In 1997, the Company entered into a credit agreement with GE Capital Corporation
("GE") pursuant to which the Company has borrowed $5,500,000 for the purchase of
CoinBank component equipment, working capital and general corporate purposes.
The line is secured by a lien on certain of our Coinbank machines. As of August
31, 2000, there was approximately $2,574,000 of principal outstanding. Amounts
borrowed under this line bear interest at approximately 9.0% per annum, payable
over a period of 60 months, subject to certain pre-payment penalties. The
Company cannot borrow any further under this credit agreement. The Company is
required to make monthly payments of principal and interest on this line of
credit, currently approximately $120,000. In May, 2000, the Company negotiated a
modification of the payment terms and on June 29, 2000, obtained a waiver to be
in compliance with the payments terms. On September 29, 2000 the Company entered
into an agreement with GE to defer principal payments on the debt for twelve
(12) months and to defer interest payments for six (6) months. As part of this
Agreement, GE provided the Company with a waiver to be in compliance with all
payment terms. Both interest and principal will start amortizing upon completion
of a public stock offering, or after twelve months for the remainder of the
original term. As consideration for the extension, the Company and GE have
agreed to increase the principal portion of the loan by $500,000. If the Company
repays the loans in full within twelve (12) months, then $400,000 of the
$500,000 increase will be waived. The Company has agreed to give GE a lien on
all of the assets of the Company subject to any pre-existing liens, including
liens in favor of the debt holders from the January, 2000, private offering.
<PAGE>

PART II. OTHER INFORMATION

ITEM 1.  LEGAL PROCEEDINGS


     We have commenced a lawsuit against Geld Bearbeitungs Systeme GES.M.B.H.,
an Austrian entity which had been manufacturing certain of our CoinBank
machines. As previously described in our SEC Reports, we have a five year
licensing and manufacturing services agreement with Geld. We had previously
entered into a letter of intent to acquire Geld and certain disputes have arisen
regarding the acquisition and licensing agreements between the parties. We
instituted the suit to enforce certain licensing rights under our agreements and
to enforce the acquisition letter of intent. Although we believe, based upon
advice of our Austrian counsel, that we have a meritorious and strong claim,
there can be no assurance that we will be successful in our suit. Recently the
Austrian Courts awarded the Company a 10% ownership interest in Geld resulting
from a ruling adverse to one of its principals.

     The Company has negotiated an agreement with Tecwings Industrialisierung
und Electronickproduktion GmbH for the continued manufacturing of CoinBank
machines.

     On September 22, 2000, CoinBank was served with a complaint stating that
Shaw's Supermarkets has filed a lawsuit (Shaw's Supermarkets, Inc. v.
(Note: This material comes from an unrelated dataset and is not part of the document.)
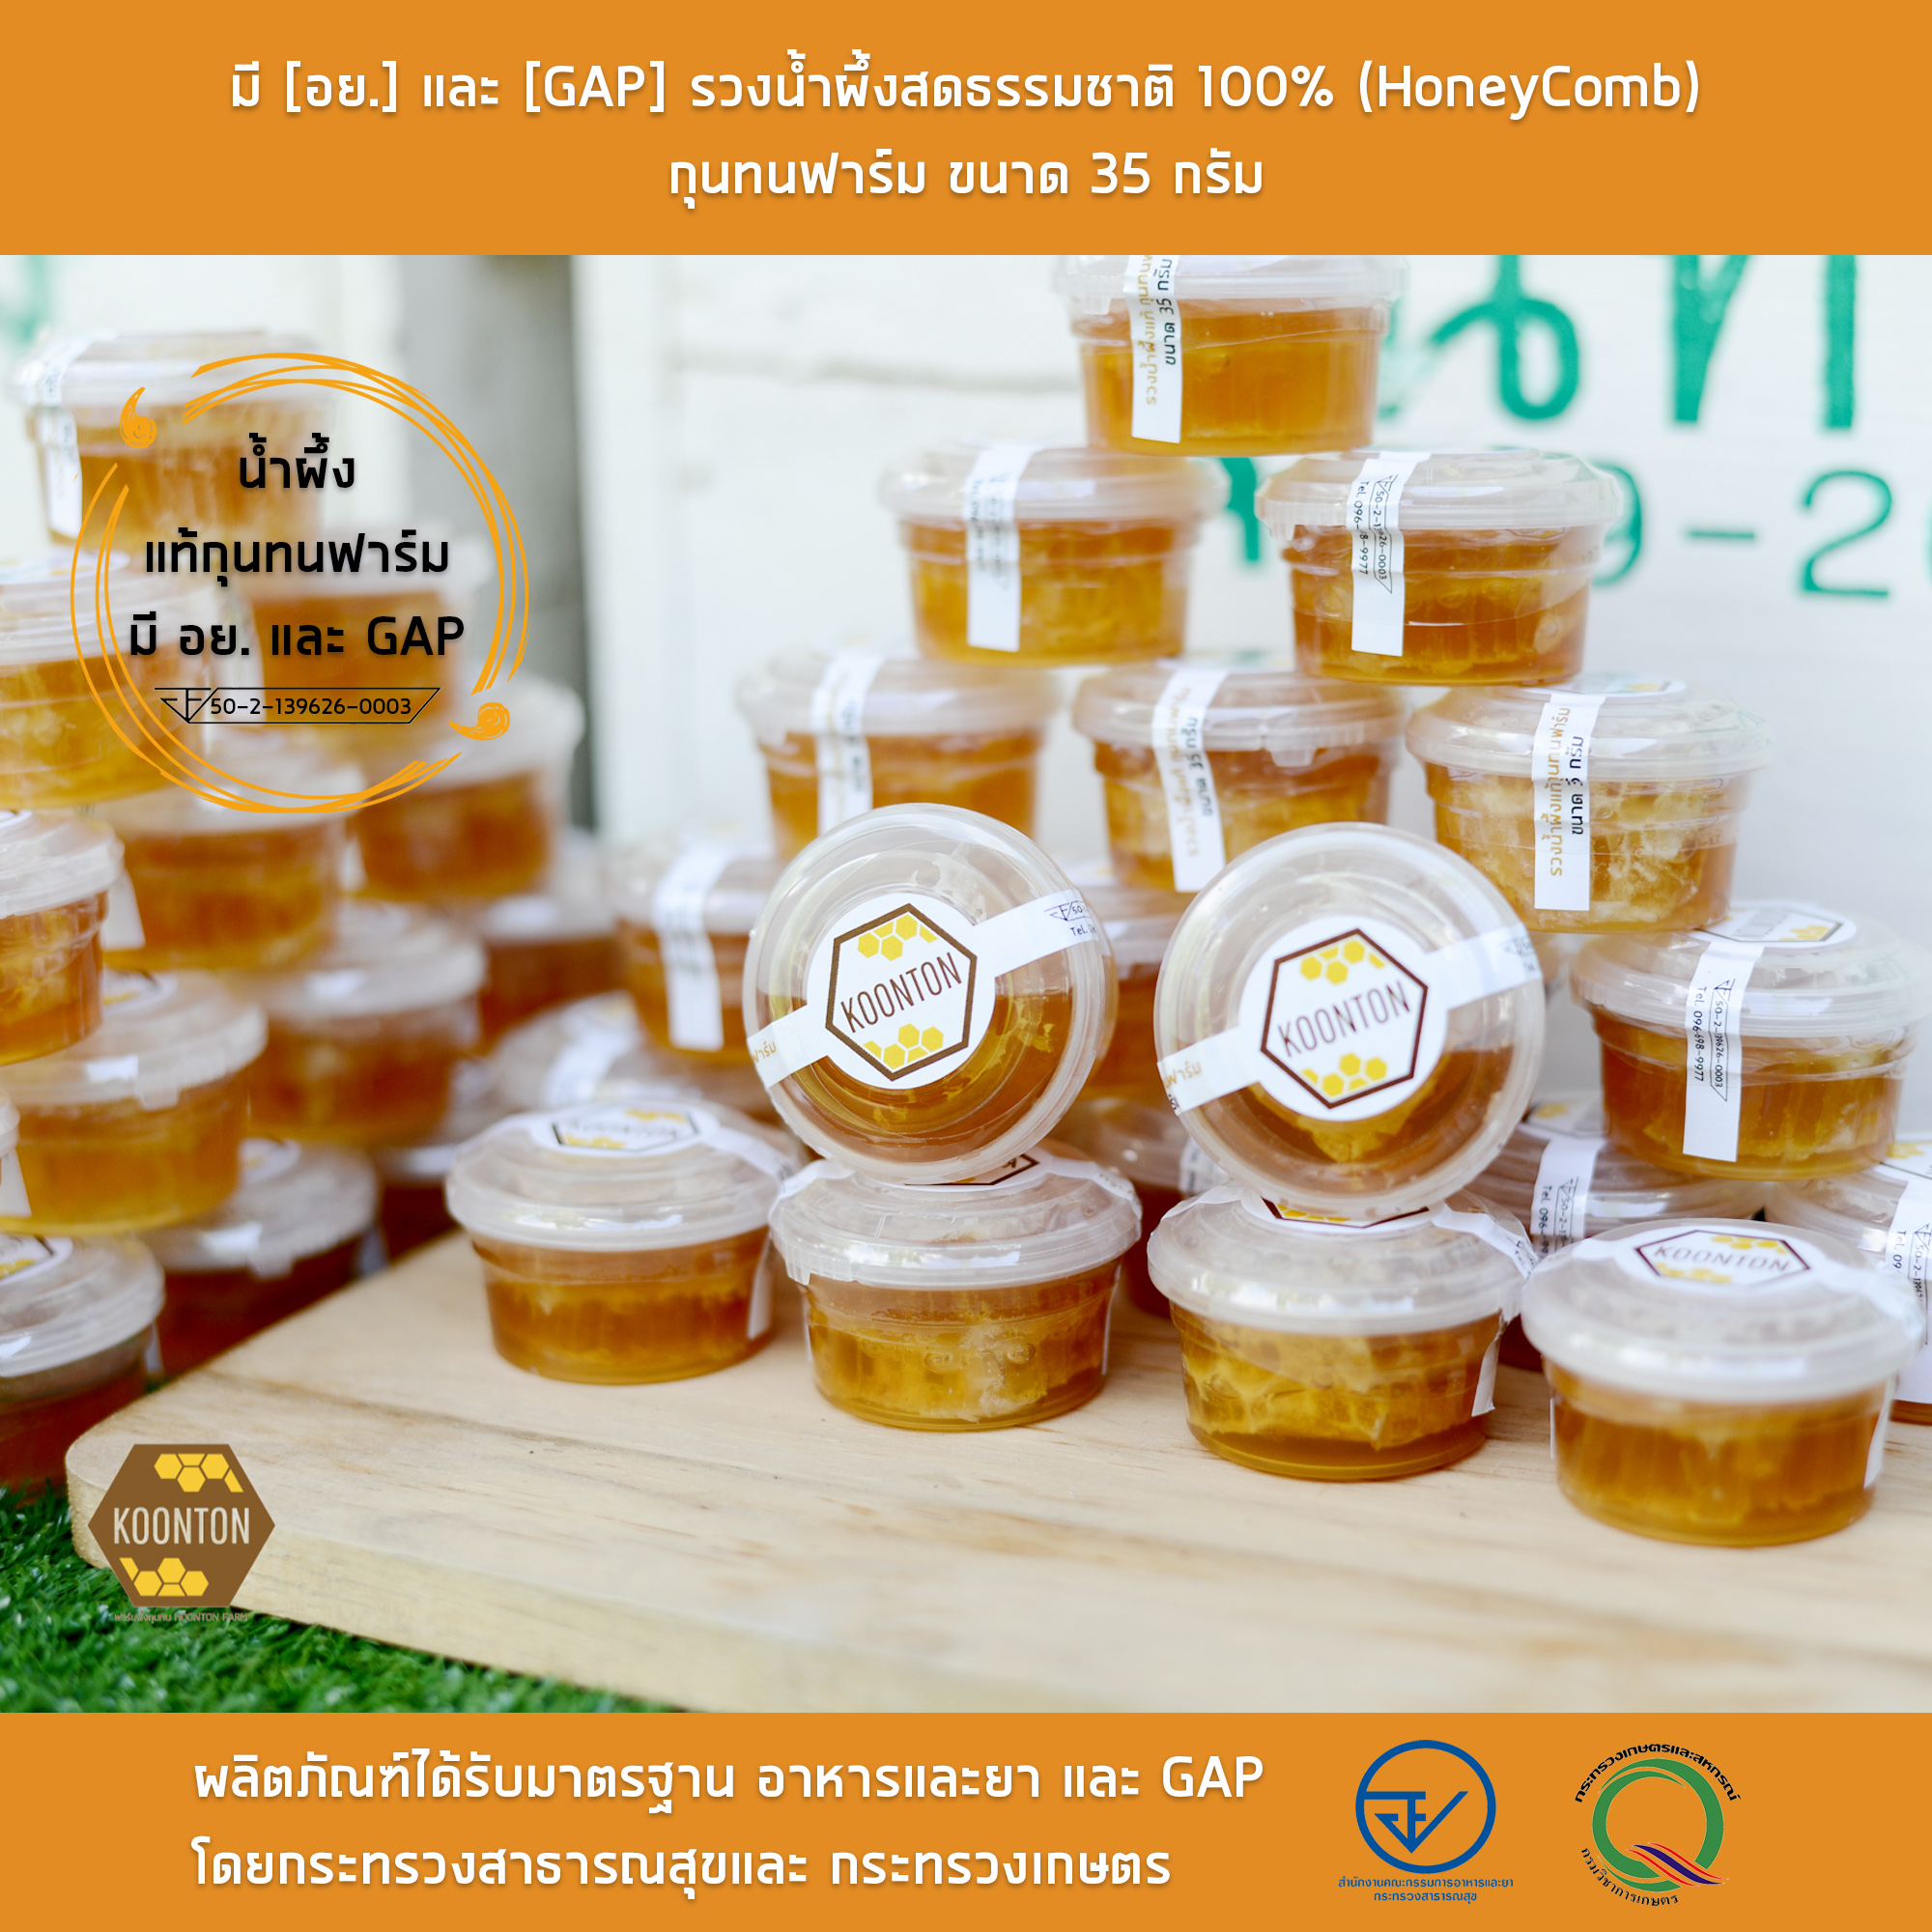 รวงผึ้ง ขนาด 35 กรัม มี [อย.] และ [GAP] รวงน้ำผึ้งสดธรรมชาติ 100% (HoneyComb) กุนทนฟาร์ม

Cash
Technologies, Inc., CoinBank Automated Systems Inc. United States District
Court, District of Massachusetts) against the Company claiming breach of
contract and damages. The Company had been placing Coinbank machines in Shaw's
locations in New England and had been negotiating a settlement and termination
agreement with Shaw's to terminate the CoinBank machine placements in light of
the Company's decision to exit the free placement business. Shaw's is claiming
damages in excess of $75,000, and additional damages for contract termination
fees. The Company believes that the amount owed is about $55,000 and has accrued
for the liability. Furthermore, the Company has potential claims against Shaw's
for damages to the machines. The Company intends to defend itself in the suit.
There can be no assurance that the Company will be successful in the defense.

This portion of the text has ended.